Functional and Concurrent Programming
INTRODUCTION:
TOPICS COVERED-FUNCTIONAL PROGRAMMING IN SCALA, TAIL-RECURSIVE FUNCTIONS USING SCALA, OBJECT-ORIENTED LANGUAGE(OOL), CONCURRENT PROGRAMMING.
FUNCTIONAL PROGRAMMING:
Functional programming is writing pure functions. Functional programming is based on mathematical functions. Some of the popular functional programming languages include Lisp, Python, Erlang, Haskell, Clojure, etc. ...It helps us to solve problems effectively in a simpler way. It improves modularity. It allows us to implement lambda calculus in our program to solve complex problems. Functional programming is a programming paradigm where programs are constructed by applying and composing functions.
Why is Scala a functional programming language?
Scala is a functional programming language as it supports functional programming. ... A functional language, Scala does not allow any mutable state as it creates a problem of synchronization on its shared access. Scala supports this model with its Actors library but allows for both mutable as well as immutable variables.
TAIL-RECURSIVE FUNCTIONS IN SCALA:
Recursion is a method that breaks the problem into smaller subproblems and calls itself for each of the problems. That is, it simply means function calling itself. The tail-recursive functions are better than non-tail-recursive functions because tail-recursion can be optimized by the compiler. A recursive function is said to be tail-recursive if the recursive call is the last thing done by the function. There is no need to keep a record of the previous state.
For the tail recursion function a package import scala.annotation.tailrec will be used in the program.
Syntax:
@tailrec
def FuntionName(Parameter1, Parameter2, ...): type = …
Example for tail-recursive function:Find factorial of a number
import scala. annotation. tailrec
object MyObject
{
def factorial(n: Int): Int =
{
@tailrec def factorialAcc(acc: Int, n: Int): Int =
{
if (n <= 1)
acc
else
factorialAcc(n * acc, n - 1)
}
factorialAcc(1, n)
}
def main(args:Array[String])
{
println(factorial(5))
}
}
Output:
120
OBJECT-ORIENTED LANGUAGE(OOL) IN SCALA:
Scala is a hybrid between functional and object-oriented programming, and it smoothly integrates the features of object-oriented and functional languages.

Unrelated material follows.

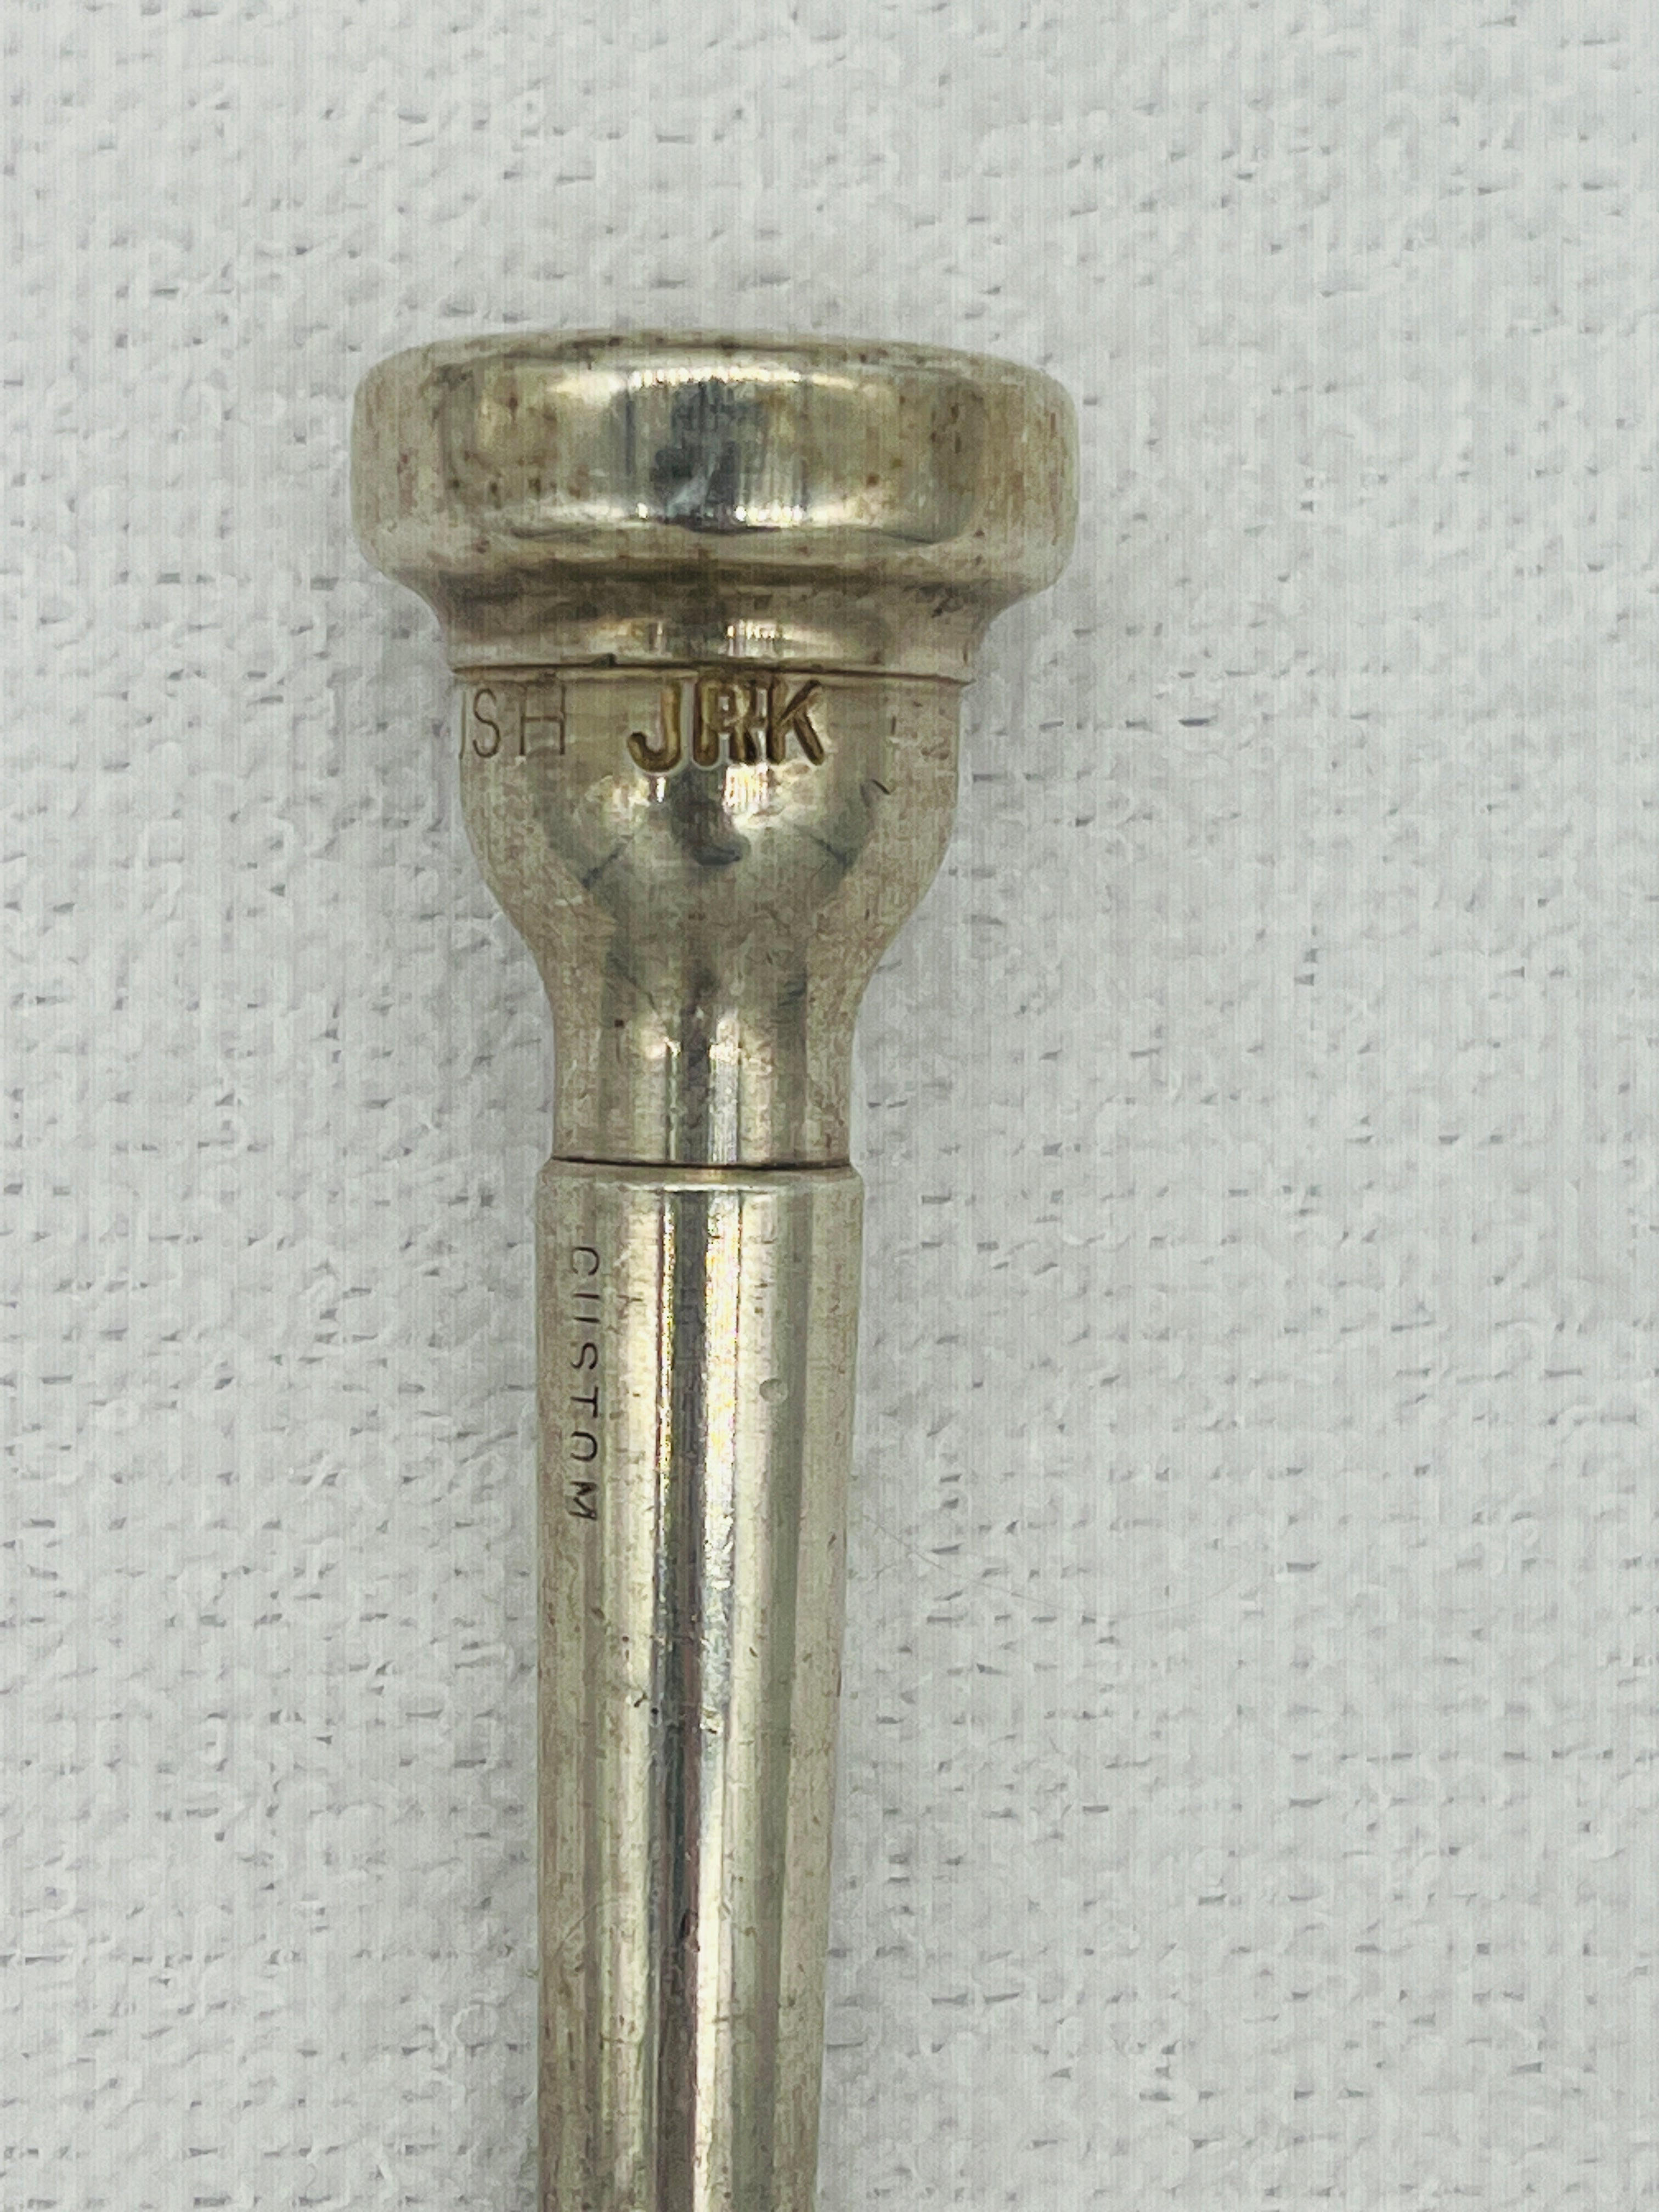 Irving R. BUSH WX3 JRK Custom Trumpet Mouthpiece USED
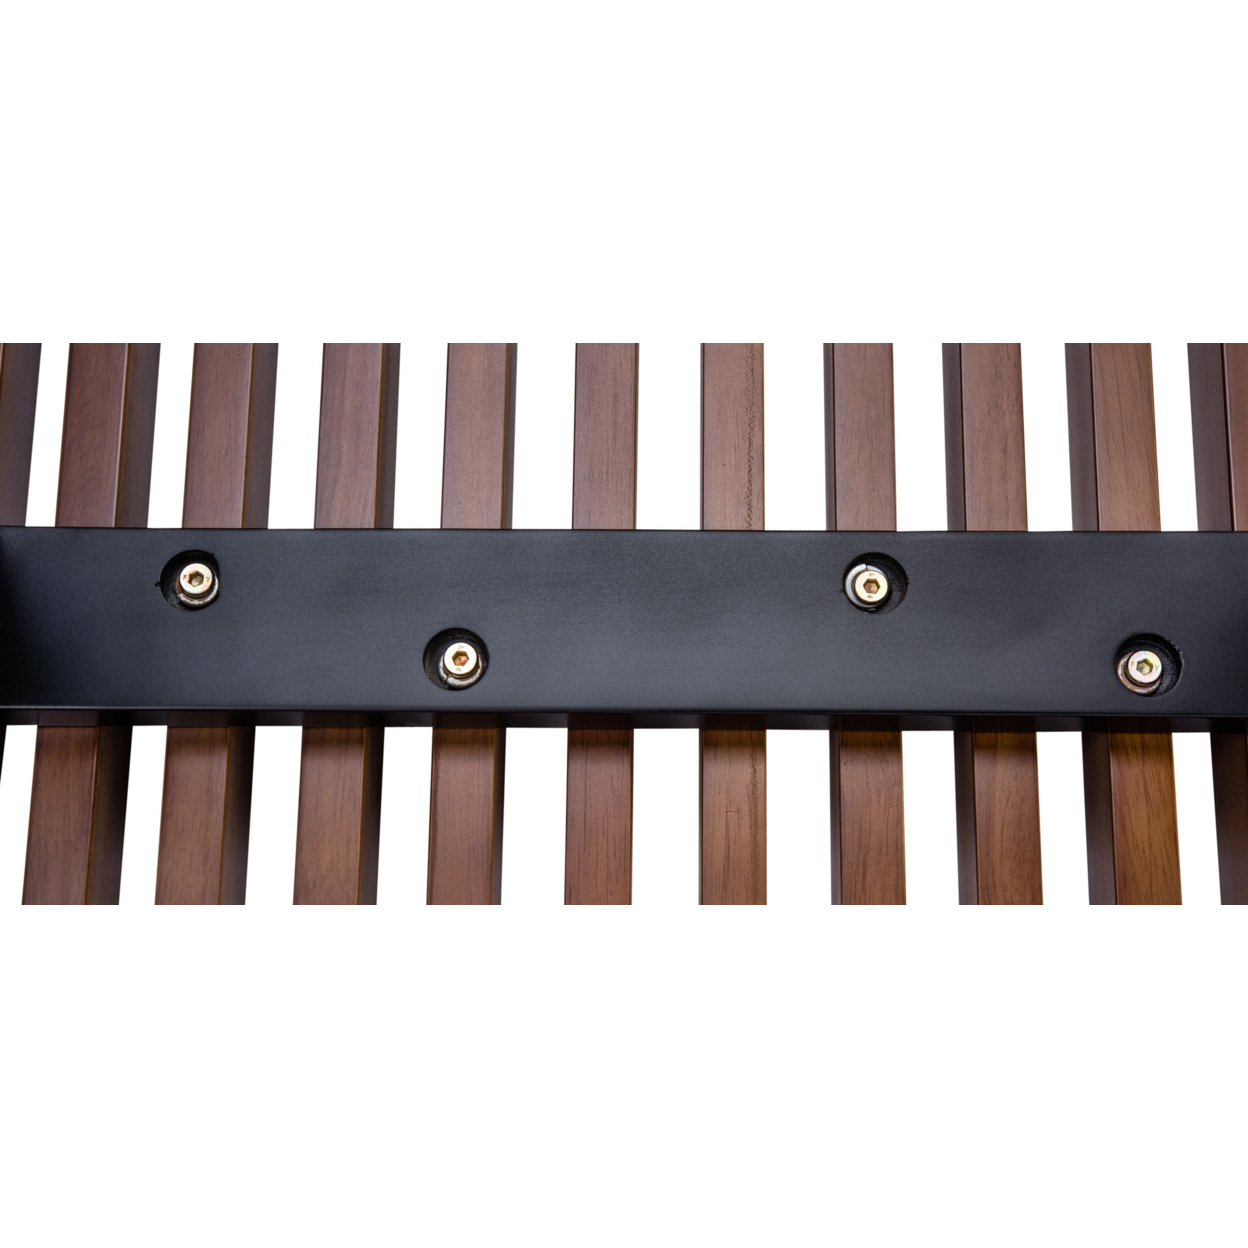 LeisureMod Mid-Century Inwood Platform Bench in Dark Walnut - 6 Feet - image 4 of 7

OOL is a high-level computer programming language that implements objects and their associated procedures within the programming context to create software programs.
Example code snippet to explain OOL in SCALA:
class Student(id:Int, name:String){
def getDetails(){
println(id+" "+name);
}
}
object MainObject{
def main(args:Array[String]){
var s = new Student(190030320,"Mahi");
var s1 = new Student(190031367,"Priya");
s.getDetails();
s1.getDetails();
}
}
Output:
190030320 Mahi
190031367 Priya
CONCURRENT PROGRAMMING IN SCALA:
What is concurrent programming?
Concurrency is when more than one task can start and complete in overlapping time periods. It doesn’t matter whether they’re running at the same instant. You can write concurrent programs on a single CPU (single execution core) machine where only one task can execute at a given point in time. Typically multiple tasks are executed in a time-slice manner, where a scheduler (such as the JVM) will guarantee each process a regular “slice” of operating time. This gives the illusion of parallelism to the users. And the common de facto standard way to implement a multitasking application is to use threads.
Scala concurrency is built on top of the Java concurrency model. On Sun JVMs, with an IO-heavy workload, we can run tens of thousands of threads on a single machine. A Thread takes a Runnable. You have to call start on a Thread in order for it to run the Runnable.
CONCLUSION:
##Functional programming is all about static truths such as in Math, is easier to reason about, is tractable, and in a lot of places solves our problems better than imperative solutions.
##We claim that concurrency is crucial for scalability, which in turn is inherently critical for large-scale architectures. The growing prevalence of web-based applications thus requires both scalable architectures and appropriate concepts for concurrent programming. Although web-based applications have always faced inherent parallelism, the concurrency implications for architectures and implementations are gradually changing.